TotalFina said it launched the unsolicited offer after Elf had repeatedly rebuffed its friendly overtures. It said the deal would benefit shareholders, customers and employees of both companies as it would create a company that could compete on the global market. Thierry Desmarest, TotalFina chairman, said a merger "would produce strong earnings growth of at least 20 per cent a year, assuming a constant environment, over the coming years."
But Elf said the TotalFina offer was not in its shareholders' best interests, pointing out that the value of Elf shares had doubled over the last three years. "This offer has not been the subject of any study or discussions with Elf's management and is therefore considered as being hostile," the company said.

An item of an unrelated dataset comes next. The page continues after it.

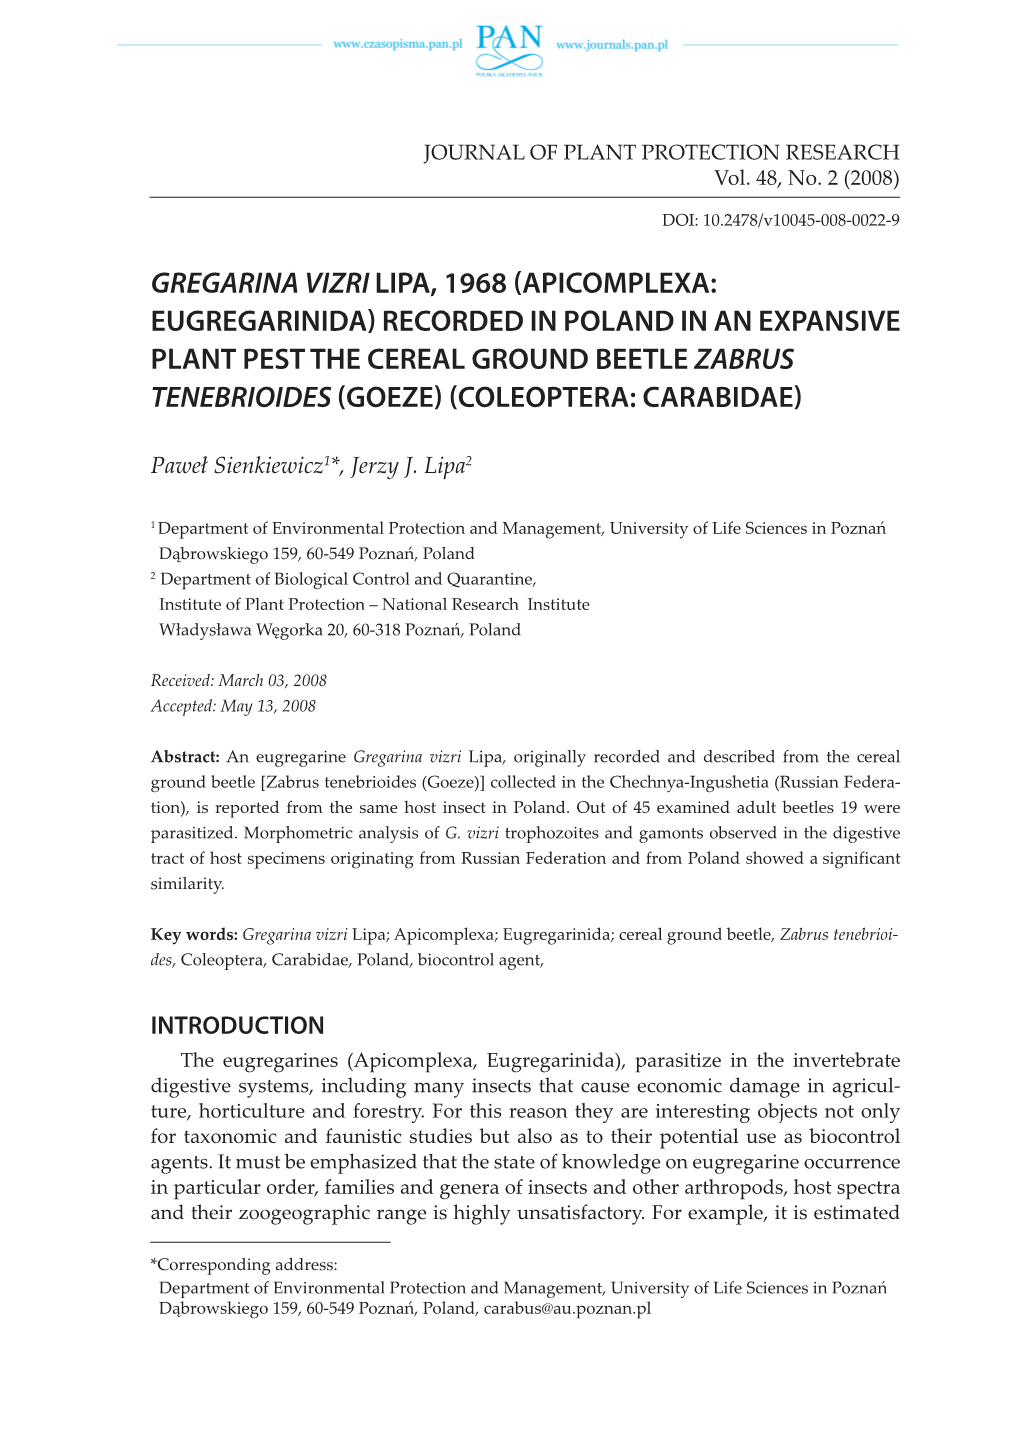 68 (Apicomplexa: Eugregarinida) Recorded in Poland in an Expansive Plant Pest the Cereal Ground Beetle Zabrus Tenebrioides (Goeze) (Coleoptera: Carabidae)

Analysts said it expected foreign rivals such as Shell or BP of the UK or Exxon or Chevron of the US to make rival bids. Neither Shell nor BP would comment. The bid values Elf shares at euro170.7 compared with its closing price of Friday of euro145.9 - a 17 per cent premium - although analysts are looking for rival bids at up to euro200. But the outcome will depend on the attitude of the French government, which retained a golden share in Elf after the company was privatised in 1994. It could use the stake to block a foreign takeover.
Shares in oil stocks surged on the news, which could herald a repeat of the series of mergers caused by the oil price slump in the two years to 1998. Oil prices rose to an 18-month high yesterday on reports that OPEC supply limits have eaten into stockpiles in the West. Brent crude rose $0.51 to pounds 18.17 a barrel.